Debbink Kari, Lindesmith Lisa C, Donaldson Eric F, Swanstrom Jesica, Baric Ralph S
Department of Microbiology and Immunology, University of North Carolina-Chapel Hill, Chapel Hill, North Carolina, USA.
Department of Epidemiology, University of North Carolina-Chapel Hill, Chapel Hill, North Carolina, USA.
J Virol. 2014 Jul;88(13):7256-66. doi: 10.1128/JVI.00785-14. Epub 2014 Apr 16.
There is currently no licensed vaccine for noroviruses, and development is hindered, in part, by an incomplete understanding of the host adaptive immune response to these highly heterogeneous viruses and rapid GII.4 norovirus molecular evolution. Emergence of a new predominant GII.4 norovirus strain occurs every 2 to 4 years. To address the problem of GII.4 antigenic variation, we tested the hypothesis that chimeric virus-like particle (VLP)-based vaccine platforms, which incorporate antigenic determinants from multiple strains into a single genetic background, will elicit a broader immune response against contemporary and emergent strains. Here, we compare the immune response generated by chimeric VLPs to that of parental strains and a multivalent VLP cocktail. Results demonstrate that chimeric VLPs induce a more broadly cross-blocking immune response than single parental VLPs and a similar response to a multivalent GII.4 VLP cocktail. Furthermore, we show that incorporating epitope site A alone from one strain into the background of another is sufficient to induce a blockade response against the strain donating epitope site A. This suggests a mechanism by which population-wide surveillance of mutations in a single epitope could be used to evaluate antigenic changes in order to identify potential emergent strains and quickly reformulate vaccines against future epidemic strains as they emerge in human populations.

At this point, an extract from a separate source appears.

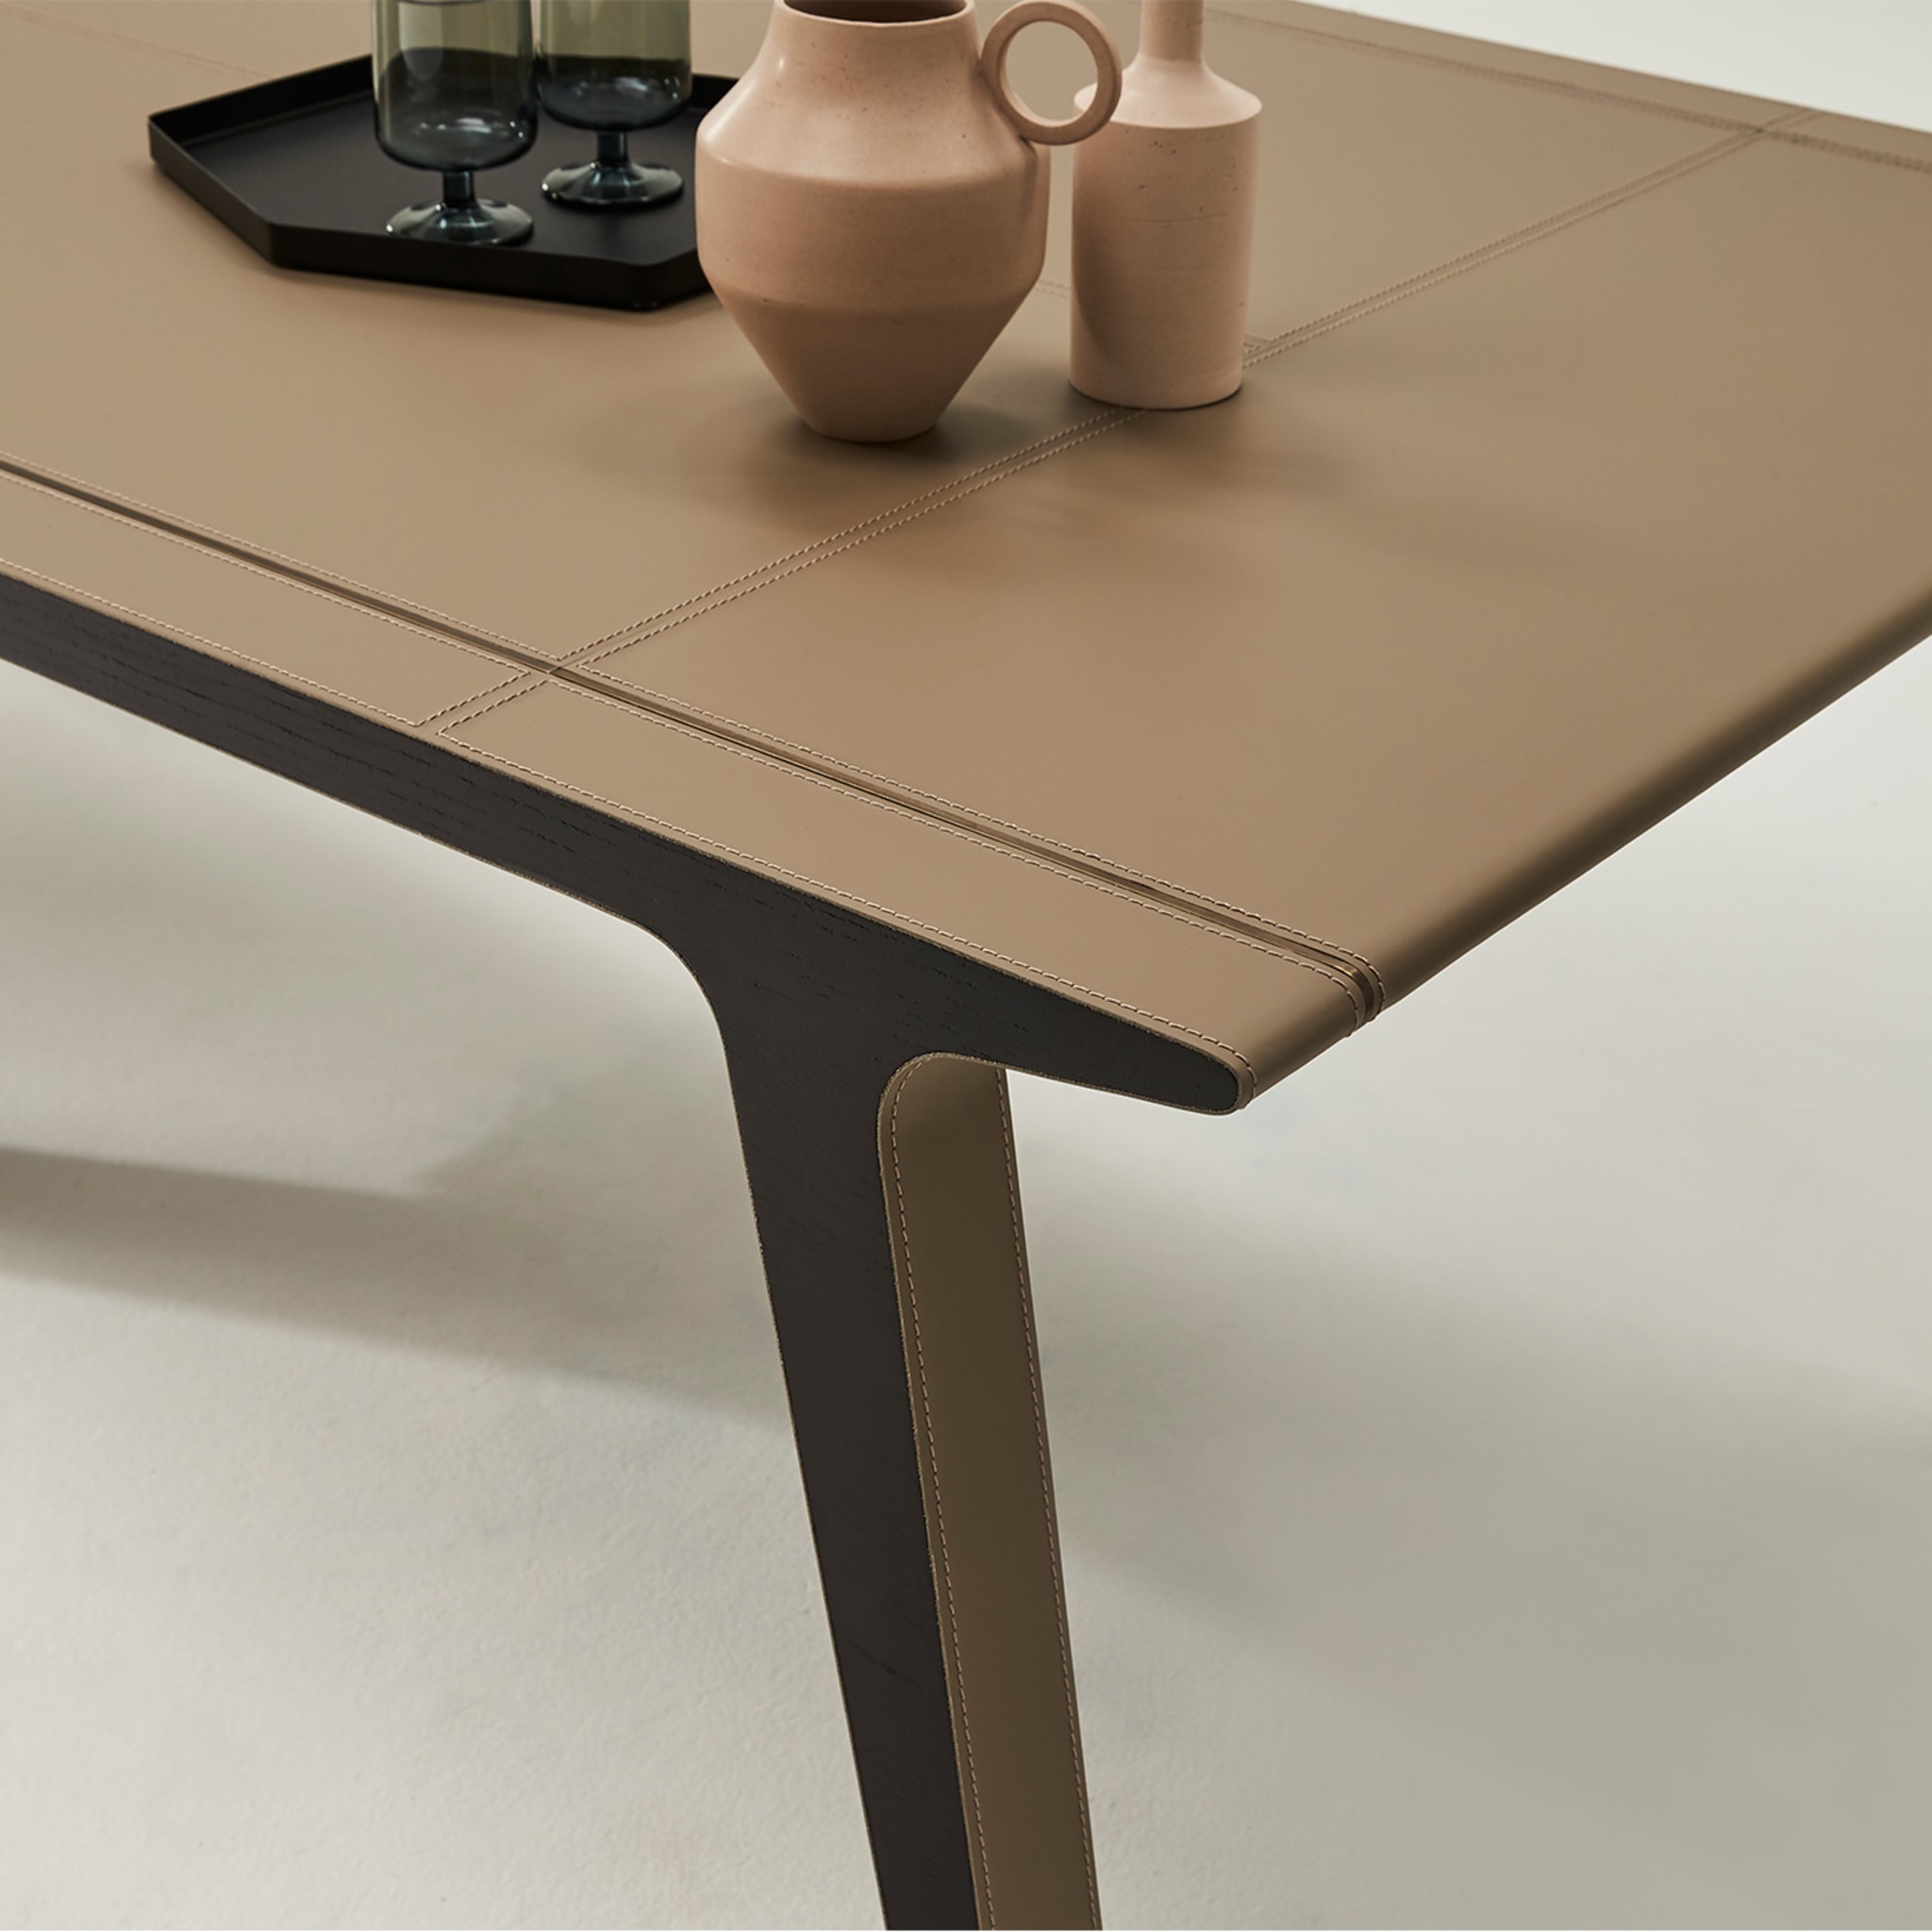 Laicon Taupe & Dark-Durmast Table by Nicola Romanelli - Alternative view 1

Noroviruses are gastrointestinal pathogens that infect an estimated 21 million people per year in the United States alone. GII.4 noroviruses account for >70% of all outbreaks, making them the most clinically important genotype. GII.4 noroviruses undergo a pattern of epochal evolution, resulting in the emergence of new strains with altered antigenicity over time, complicating vaccine design. This work is relevant to norovirus vaccine design as it demonstrates the potential for development of a chimeric VLP-based vaccine platform that may broaden the protective response against multiple GII.4 strains and proposes a potential reformulation strategy to control newly emergent strains in the human population.
目前尚无针对诺如病毒的许可疫苗,其研发受到阻碍,部分原因是对宿主针对这些高度异质性病毒的适应性免疫反应以及GII.4诺如病毒的快速分子进化缺乏全面了解。每2至4年就会出现一种新的主要GII.4诺如病毒株。为了解决GII.4抗原变异问题,我们检验了以下假设:基于嵌合病毒样颗粒(VLP)的疫苗平台,即将来自多个毒株的抗原决定簇整合到单一基因背景中,将引发针对当代和新出现毒株的更广泛免疫反应。在此,我们比较了嵌合VLP产生的免疫反应与亲本毒株和多价VLP混合物产生的免疫反应。结果表明,嵌合VLP诱导的交叉阻断免疫反应比单一亲本VLP更广泛,且与多价GII.4 VLP混合物的反应相似。此外,我们表明,仅将一个毒株的表位位点A整合到另一个毒株的背景中就足以诱导针对提供表位位点A的毒株的阻断反应。这提示了一种机制,通过对单个表位突变进行全人群监测,可用于评估抗原变化,从而识别潜在的新出现毒株,并在其在人群中出现时迅速重新设计针对未来流行毒株的疫苗。
诺如病毒是胃肠道病原体,仅在美国每年就感染约2100万人。GII.4诺如病毒占所有疫情爆发的70%以上,使其成为临床上最重要的基因型。GII.4诺如病毒经历阶段性进化模式,导致随着时间推移出现抗原性改变的新毒株,使疫苗设计复杂化。这项工作与诺如病毒疫苗设计相关,因为它证明了基于嵌合VLP的疫苗平台的开发潜力,该平台可能扩大针对多种GII.4毒株的保护性反应,并提出了一种潜在的重新配方策略来控制人群中新出现的毒株。